Single by John Parr

from the album John Parr
- B-side: "Revenge"
- Released: November 1984
- Genre: Rock
- Length: 3:36
- Label: Atlantic
- Songwriter: John Parr

John Parr singles chronology
|  | "Naughty Naughty" (1984) | "Magical" (1985) |

= Naughty Naughty (John Parr song) =

"Naughty Naughty" is the debut single by English rock musician John Parr, released in November 1984 as the lead single from his debut self-titled studio album. The song was Parr's first U.S. top 40 hit record, reaching No. 23 on the Hot 100.

==Music video==
The music video begins with Parr quitting his job as an auto mechanic, after being chewed out by his boss for spending time admiring the Rolls Royce he's fixing.
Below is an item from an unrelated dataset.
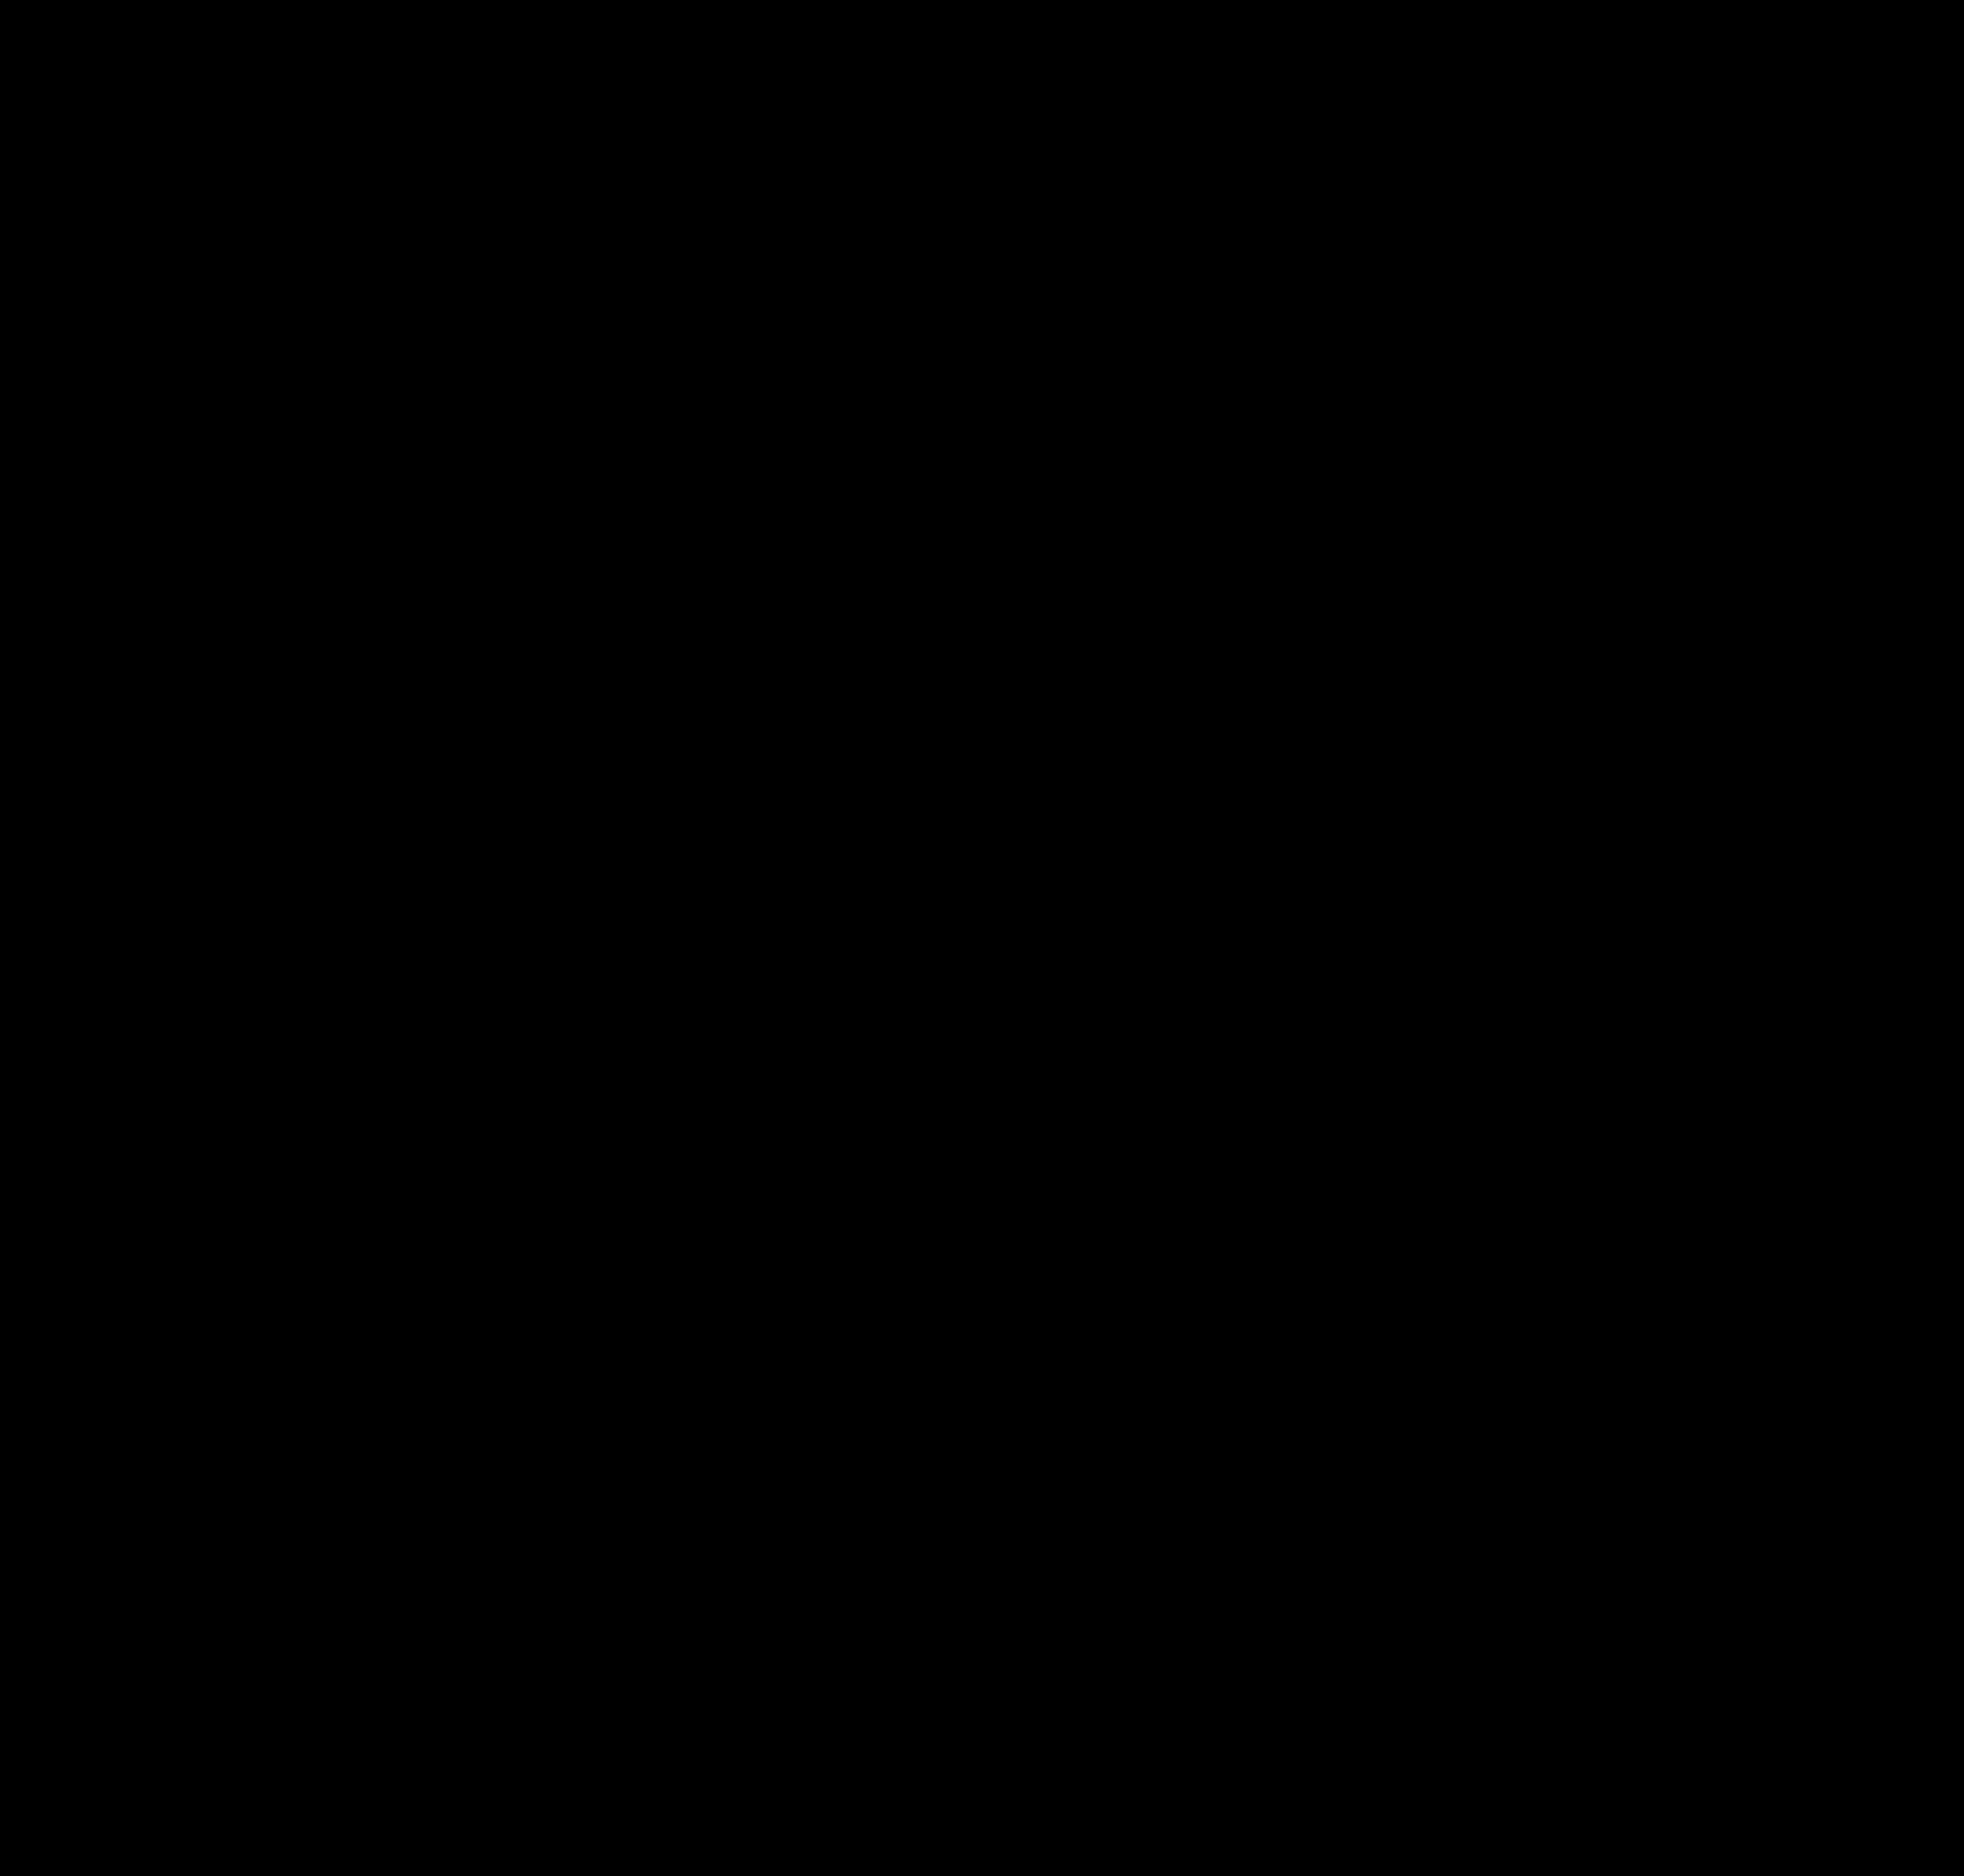 LinkedIn icon Logo PNG Transparent & SVG Vector.

Parr drives recklessly through the streets of San Francisco, with his girlfriend by his side, played by Lisa Rinna, later of Melrose Place.

When Parr attempts to put his hand up his girl's skirt, she smacks him, exits the vehicle at a stoplight, and rips off a gold chain which Parr had previously given her.

Parr is then seen again recklessly driving through the city, this time in the Rolls Royce he was fixing earlier. He is now with several women who are constantly touching him in a seductive fashion. He briefly stops at a motel to continue intimacy with the women, and then returns to driving, again with the women touching him.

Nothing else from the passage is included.